- Exercise brief -
What you return should be only the lines starting at the one that contains "Apple આવી ISROના" and running to the end of the listing, exactly as written, minus any pictures.
---------- Recorded data
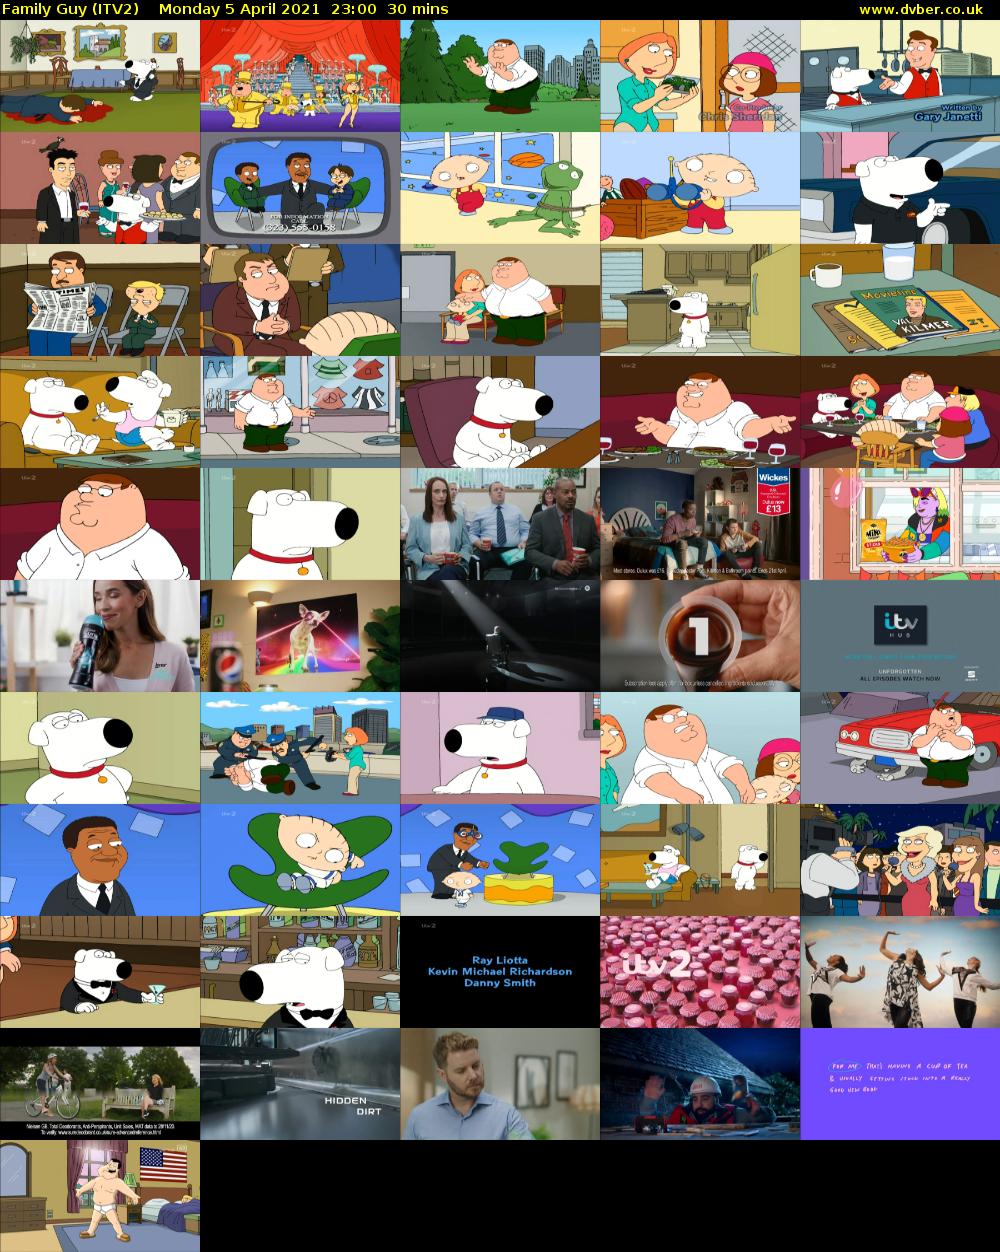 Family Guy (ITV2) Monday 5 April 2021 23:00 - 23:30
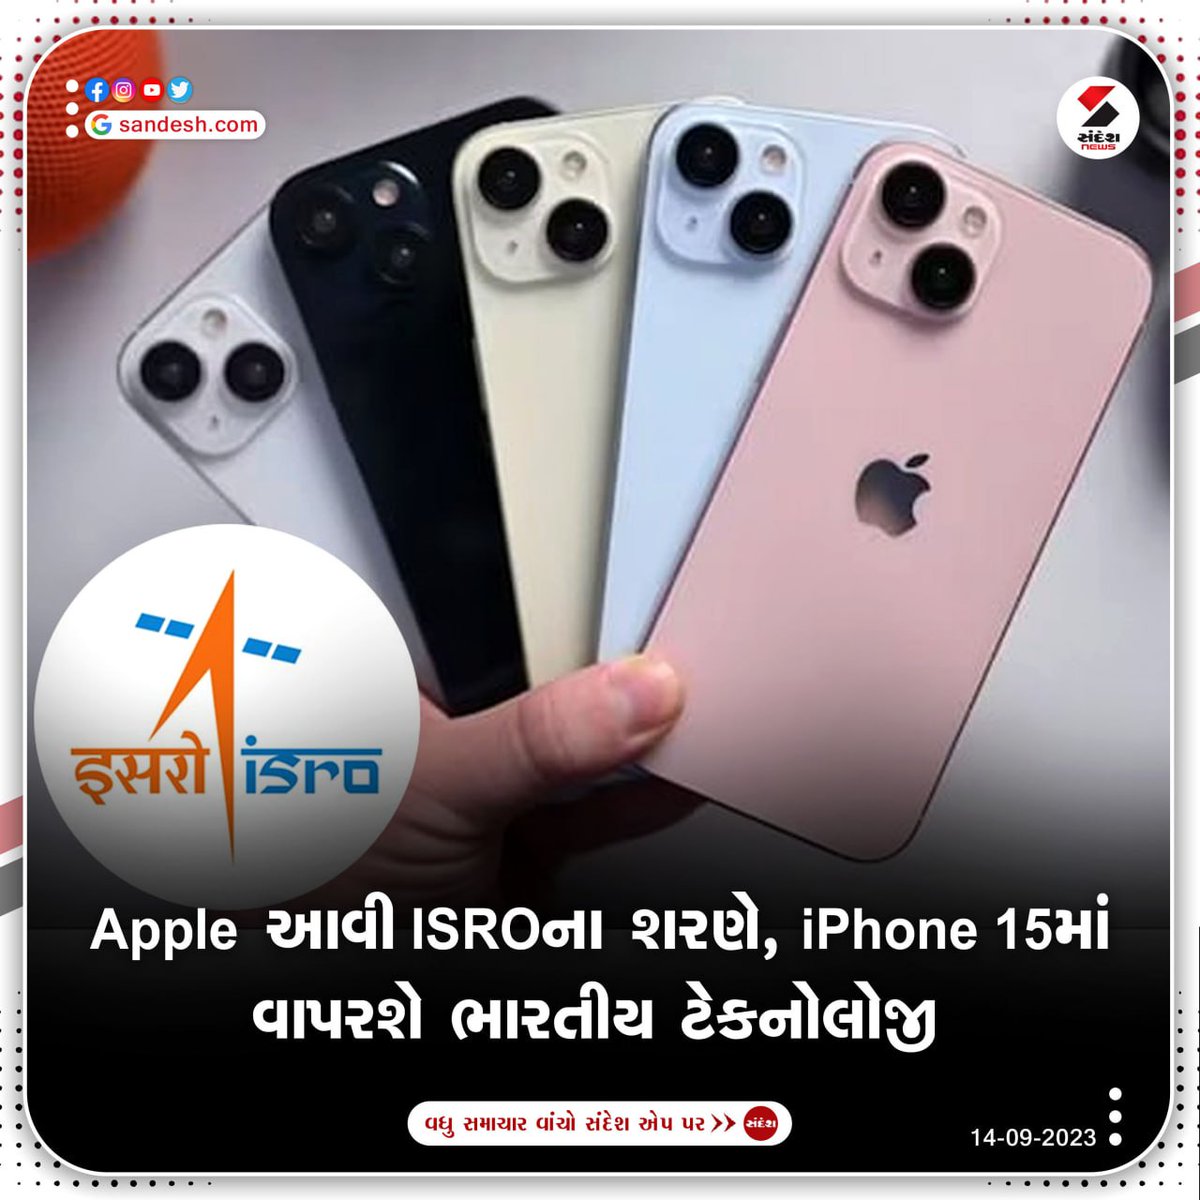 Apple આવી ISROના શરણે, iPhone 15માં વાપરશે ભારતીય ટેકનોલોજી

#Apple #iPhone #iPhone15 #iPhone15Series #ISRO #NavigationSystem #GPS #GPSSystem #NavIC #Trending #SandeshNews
--------------------
- Written answer -
 Apple આવી ISROના શરણે, iPhone 15માં વાપરશે ભારતીય ટેકનોલોજી

#Apple #iPhone #iPhone15 #iPhone15Series #ISRO #NavigationSystem #GPS #GPSSystem #NavIC #Trending #SandeshNews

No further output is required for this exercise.